Have a Social Networking Snack

Writing by Brick Marketing on Monday, 25 of February , 2008 at 8:31 am

There was a time when having a good social marketing network was a great asset. Today, it’s a 100% necessity. You can be certain your competition is constantly using online resources to build their own strong, experienced, knowledgable, wise, nimble network. With today’s avalanche of information heading your way, you’d better have not only a great network, but also a great way to quickly sample lots of good stuff, or you will spend your life sorting through garbage.

Tumblr.com is a micro-blogging utility.
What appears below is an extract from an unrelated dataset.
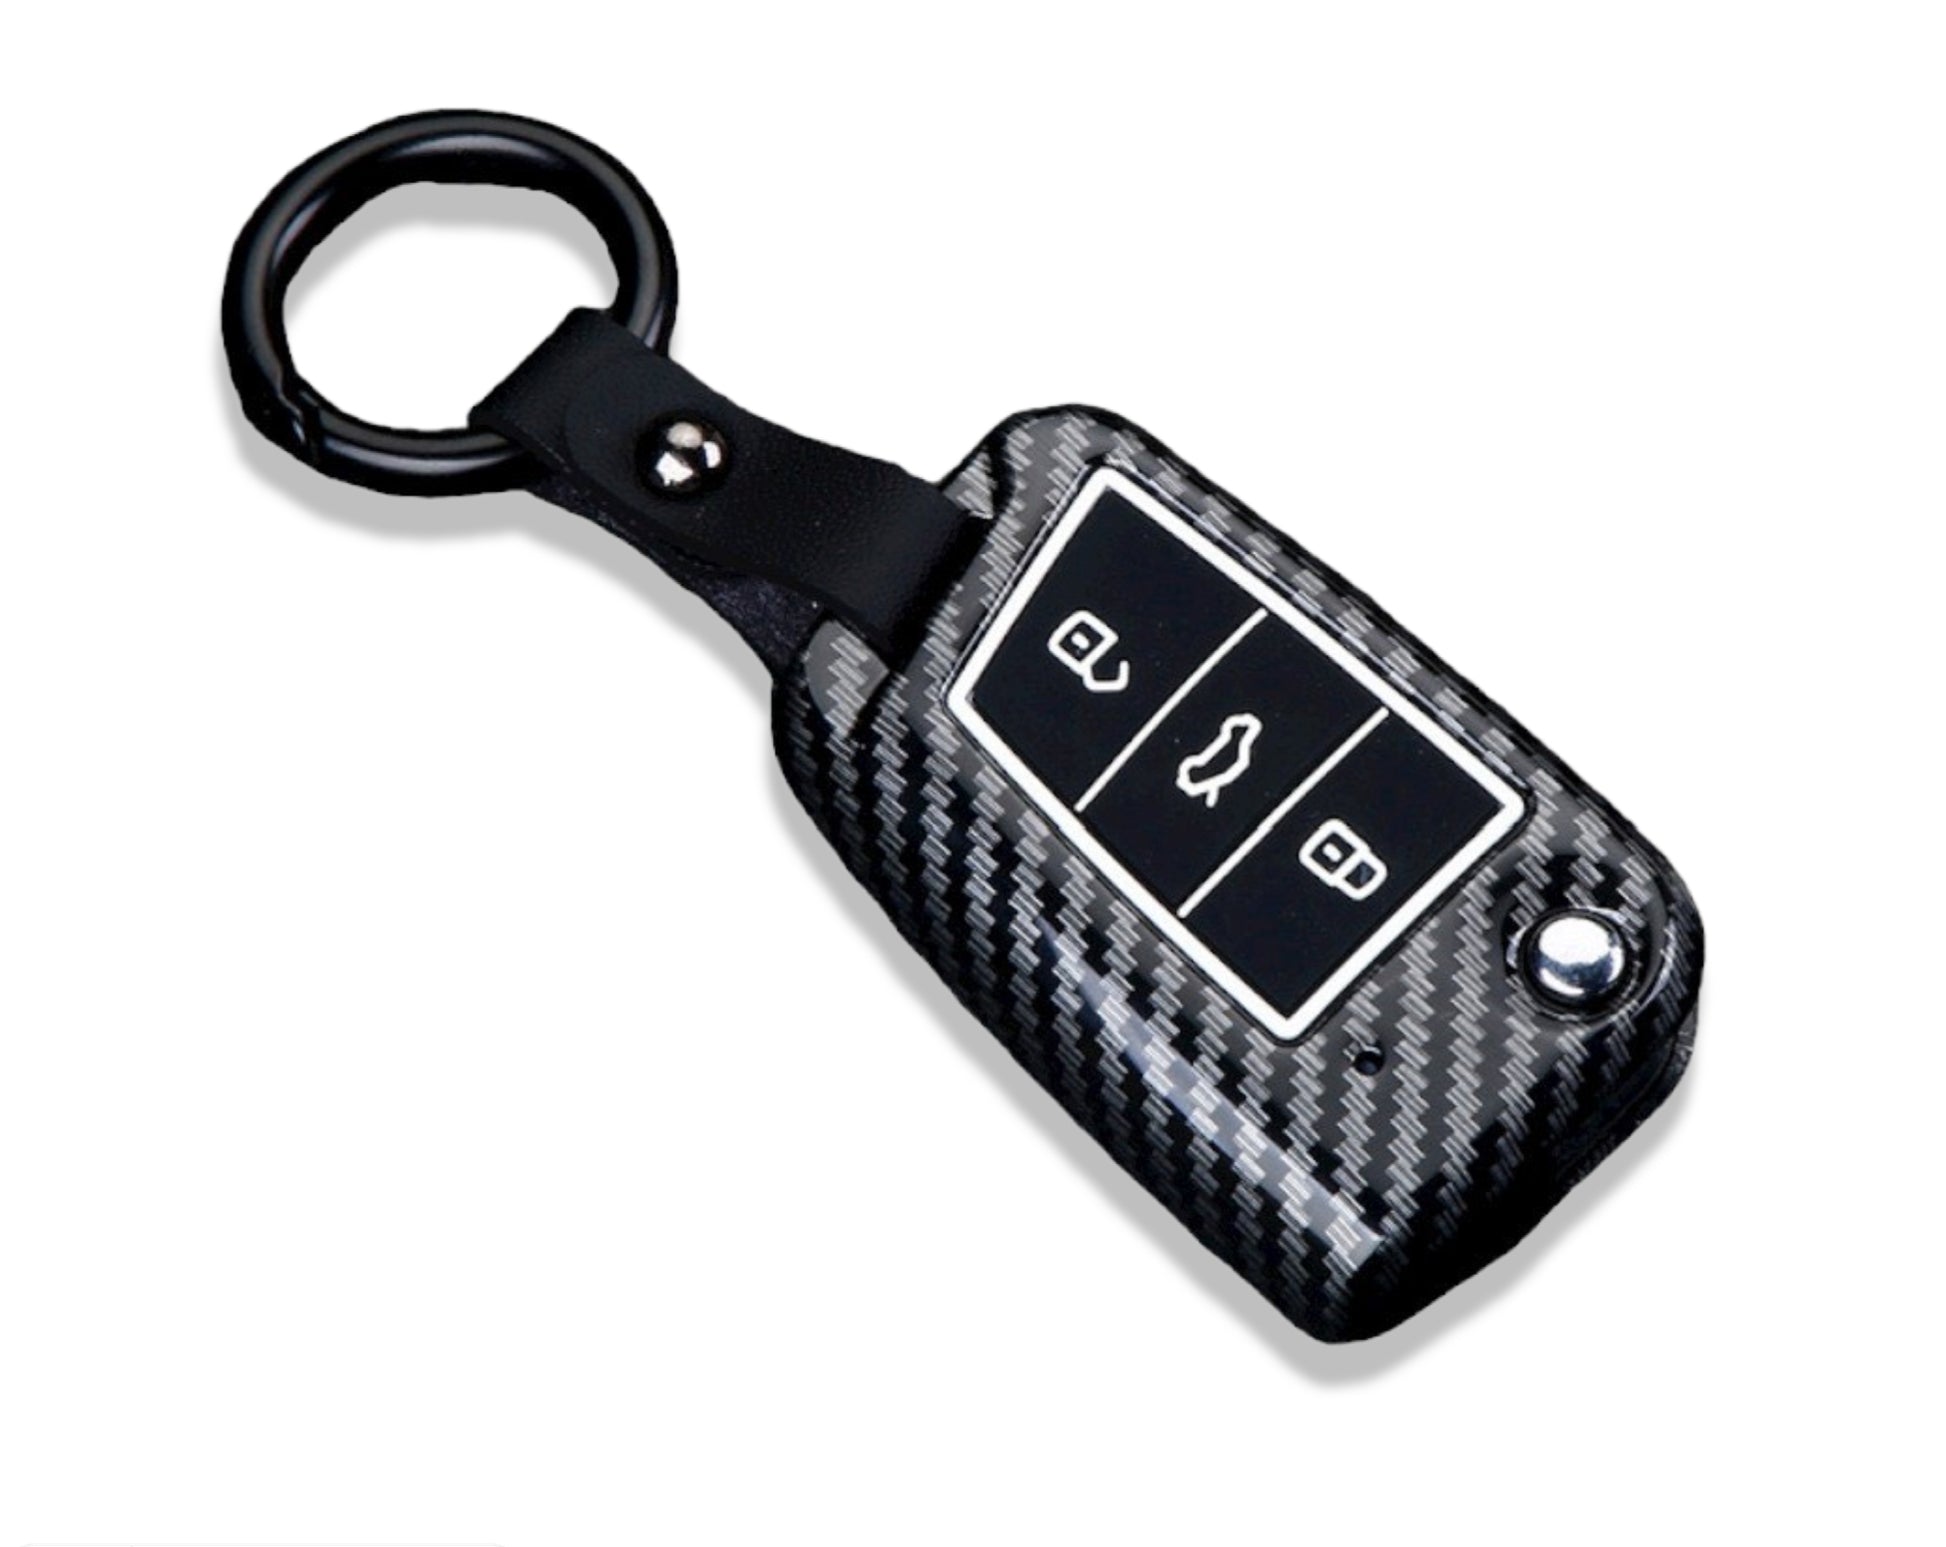 Volkswagen/Skoda car key cover | Key fob cover for VW Golf, Passat, Polo,  Tiguan, Touareg. Carbon Fibre Design

The idea is to build a social network of connoisseurs who pick through the information smorgasbord, delivering you only the tastiest snacks.

You have the option to host this social blogging platform on your own domain. You can use Tumblr to quickly post small bites of text, pictures, audio, video, & links. It’s similar to Twitter. Every person in your social network becomes your own personal editor, constantly focusing on content to publish only targeted key points, deciding this resource is important and that one is not. Then YOU glance at each thumbnail and instantly decide whether to look deeper.

Similar to the idea of the Blog Marketing Journal - but much shorter.

This is as easy and quick as social networking gets. You don’t even have to go to the Tumblr website. Just click on a toolbar icon to post a quote, picture, content, etc. You can even post content from mobile phones. It’s perfect for a large segment of the population that doesn’t want to spend their time writing a detailed blog post.

You can also feature as many as 5 RSS feeds, which means you can leverage the time you put into your social blogging. Tumblr is well-positioned to help solve your information overload problem, while making social networking much more productive for you.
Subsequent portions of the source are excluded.